Monday, 26 August 2013

No covers, no compromise...

I am (hopefully) about to embark on a new artistic journey - in the shape of a band with another guitarist.  Obviously, I have no idea how it will turn out - but I am hoping that it will be rewarding and feed my need for music making.  

It is a tricky business, because, like any other kind of relationship it inevitably relies on compromise and that seems to be something that gets harder as I get older.  I have been in a few bands over the years, some better than others, and some involving more compromise than others.  I have tried (other than one band) to resist the temptation to go the easy route and do covers - not that there aren't songs that I don't want to learn to play, or that I necessarily think that my songs are any better than anyone else's - it's more that I need that kinda personal investment in the music.  

Also, if you start off playing covers, people will often like your band because you play songs that they already like, and it makes it harder to move on to doing originals.  And to be honest, I don't play music to make other people happy (though I don't mind if they do) - I do it because I need to - and I feel that this is the most honest way to approach music making.  It is far too personal to do for other people. 

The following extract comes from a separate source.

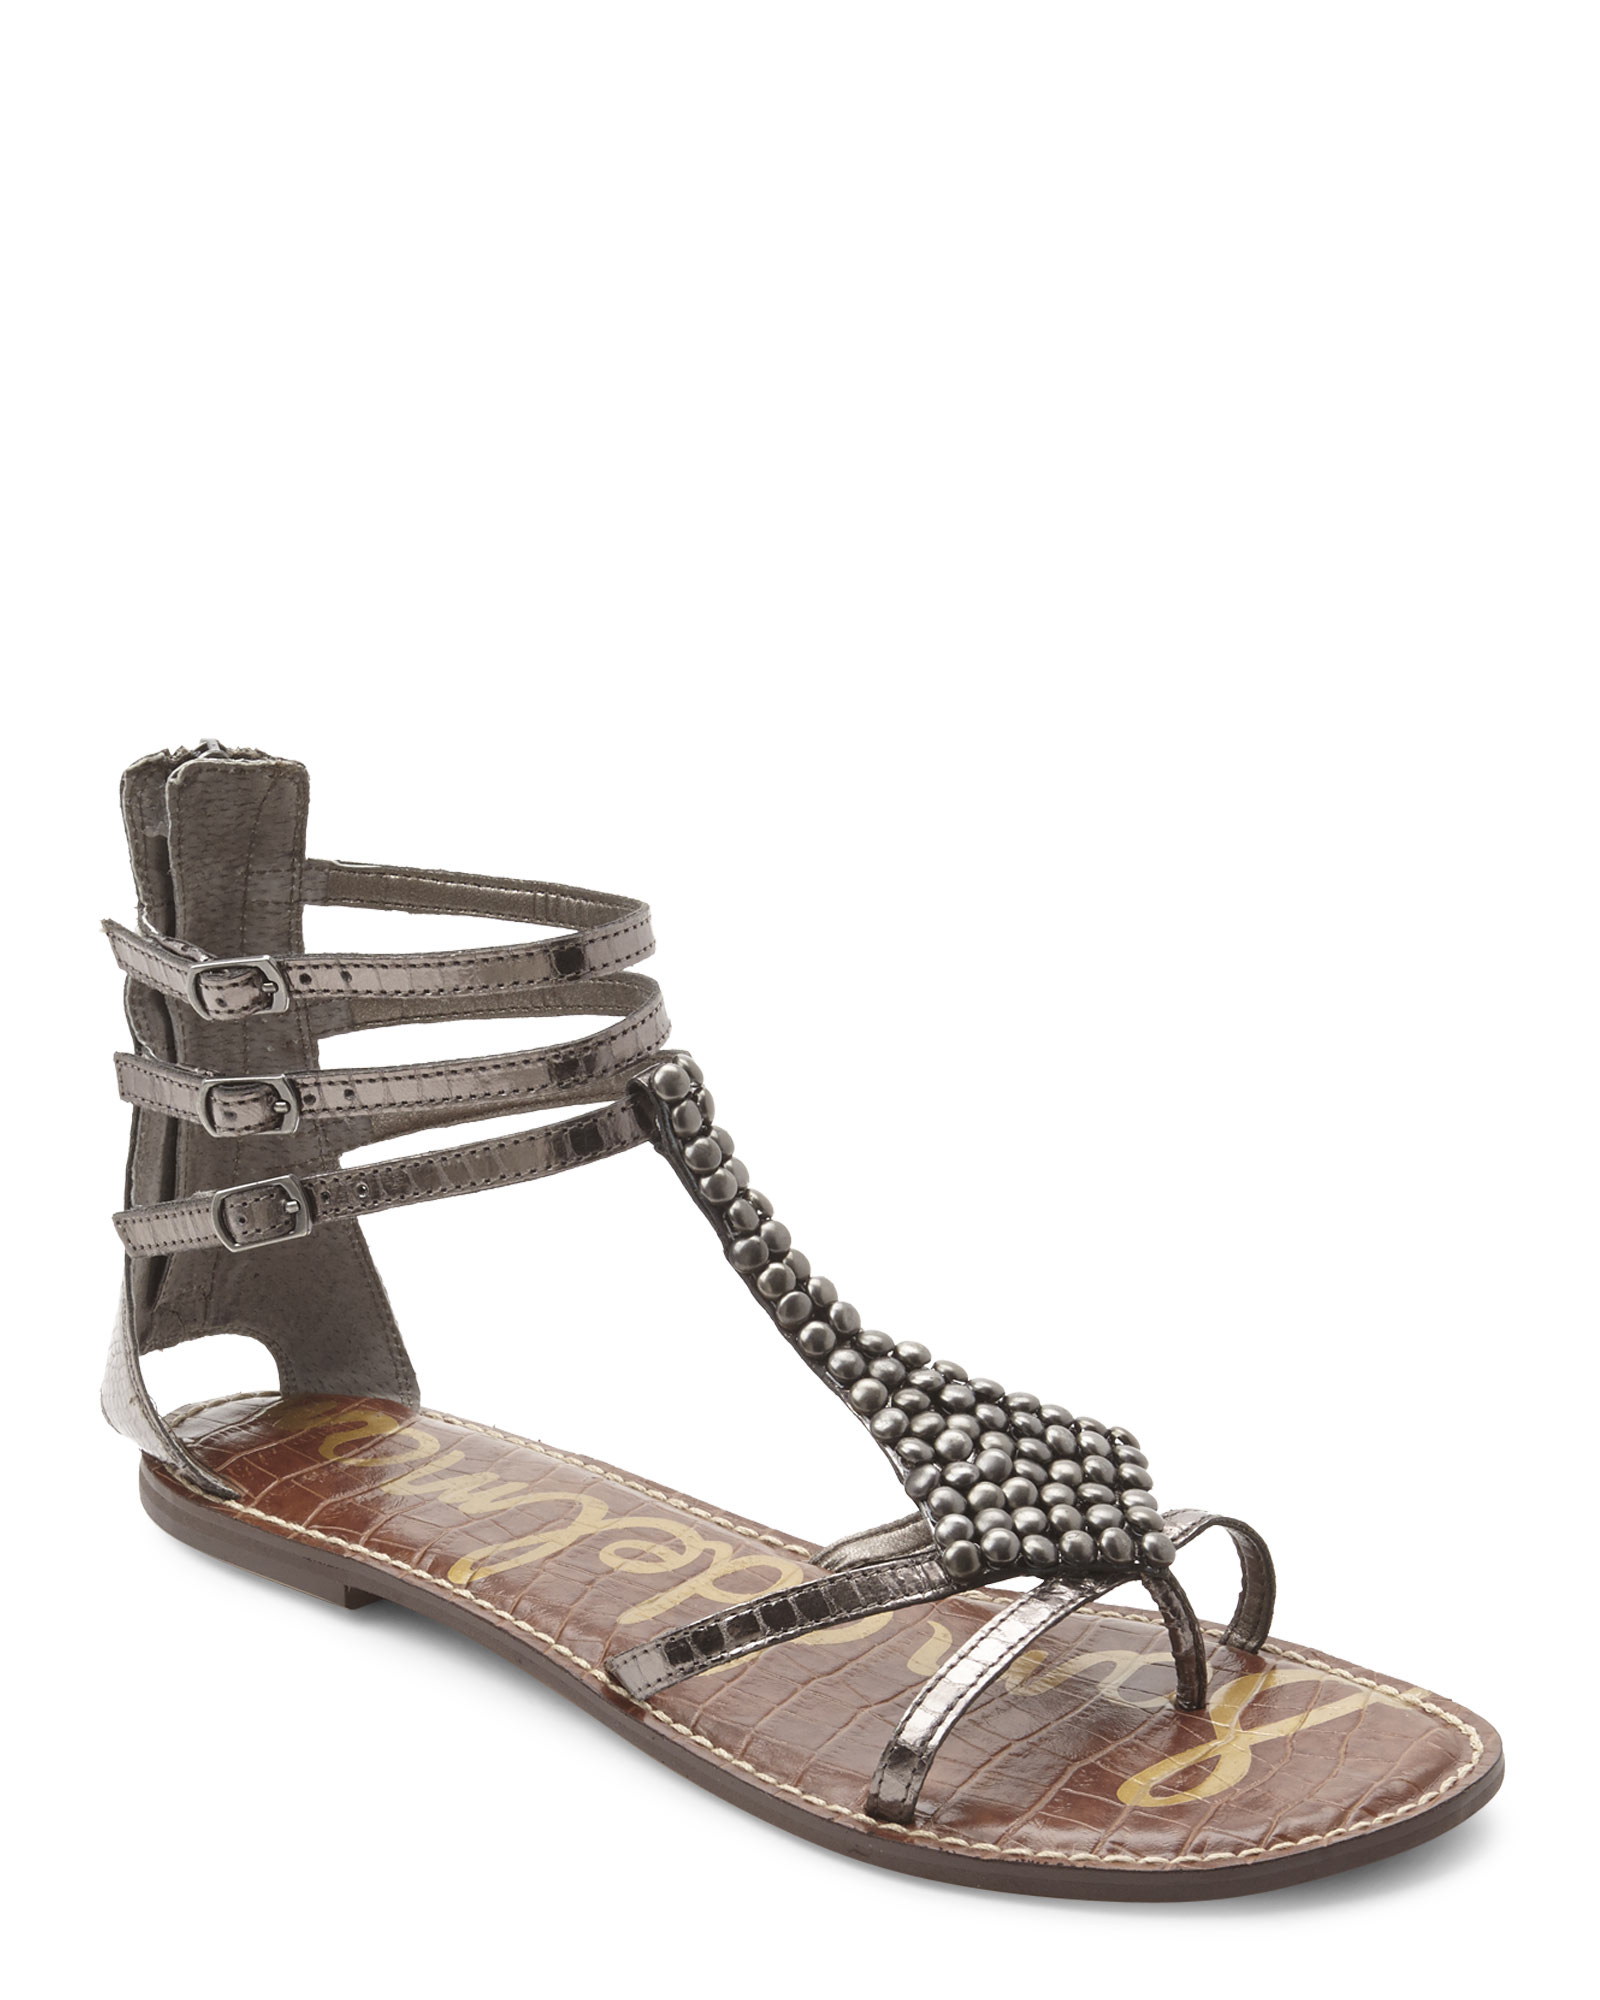 Lyst - Sam Edelman Pewter Ginger Embellished Gladiator Sandals in Metallic

It perplexes me greatly when people complain because a band progresses and changes over time - particularly when they are talking about "progressive rock" bands.  It seems that they secretly (or not so secretly!) want them to keep making the same album over and over again (some bands appear to have made entire and alarmingly successful careers of doing just that).  That is most assuredly not what I want - I want bands to go away, search their collective "souls" and express what they find however they can.  I will listen.  I may well not like it, but if it is honest, I will respect it.  And it may grow on me.  If the artists are prepared to work hard on their music, I am prepared to put effort into understanding and appreciating it.  No X Factor(y) bad covers or written by committee nothingness.  (Yes I am probably a music snob, but I don't care - it is too important to me to take it lightly.)

So I go into my new band line up eyes open, sleeves rolled up and heart laid bare to feed the music.  I may get frustrated at my limited ability, but hopefully we will find something that will feed our souls, drive us on and maybe even someone somewhere, similarly twisted, may like it.  But in my heart, I don't care.  This is for me and my fellow travellers.

Saturday, 3 August 2013

Who ate all the pie..?

Chart.

I have been having a bit of a mixed time lately - good times with family and friends, things are good at work, and Freya and I have had a chance to go and see a bit of the Fringe with Wee C away for a holiday at Granny and Papa's in Killie.  But the "Enemy Within" has also been in evidence, which is, I suppose, nobody's fault but mine.  The ol' Black Dog has been chewing my brain like it was a manky old slipper.  Which, in a way, it is.

I was thinking a bit about it this morning, and (being the sad old Excel-jockey that I am) I started visualising it as a pie-chart.  In my life, the vast majority is good, with my lovely family making up a substantial slice, and with friends, music, books and work etc. making up most of the rest.  Just now, however, I don't seem to have the whole pie - I am in possession of less than 100%.  One section appears to have been substituted for dark matter - or just nothing.

This missing part is, I think, the creative part of me.  And I damn well want it back.  I have tried asking myself nicely, but I am not playing, so to speak.  I know that it is all down to me.  I want to make myself feel better by grabbing my guitar and flooding my empty parts with music.  But I won't let myself.  It is too damned easy to not bother.  

If I do manage to get as far as picking one up, it is too damned easy for my mind to fill with the conviction that it is sounding awful and I should give up.  I need to play through this, I need to get involved in some sort of musical collaboration with others so that the creativity can flow between us and be amplified like in the cavity of a laser, reflecting back and forth and growing stronger with each pass.  

Of course, organising this takes the sort of energy that the depression steals away.  Depression, I feel, (and may well have mentioned before) seems to have a self-preservation instinct that tries to stop you acting to lessen its effects.

There have been small signs that I remember where my creativity is - I have been experimenting with odd tunings, and tiny fragments of passably ok new music have been emerging.  I have even been using my phone to keep these pieces for when my muse has returned sufficiently for them to be of use.  There are embers, but the flame is not yet returned.

I will though take strength from my family and friends and try to get my fire burning strongly again, because I know that when it does, it helps to make the rest of my pie/world shine that much more brightly.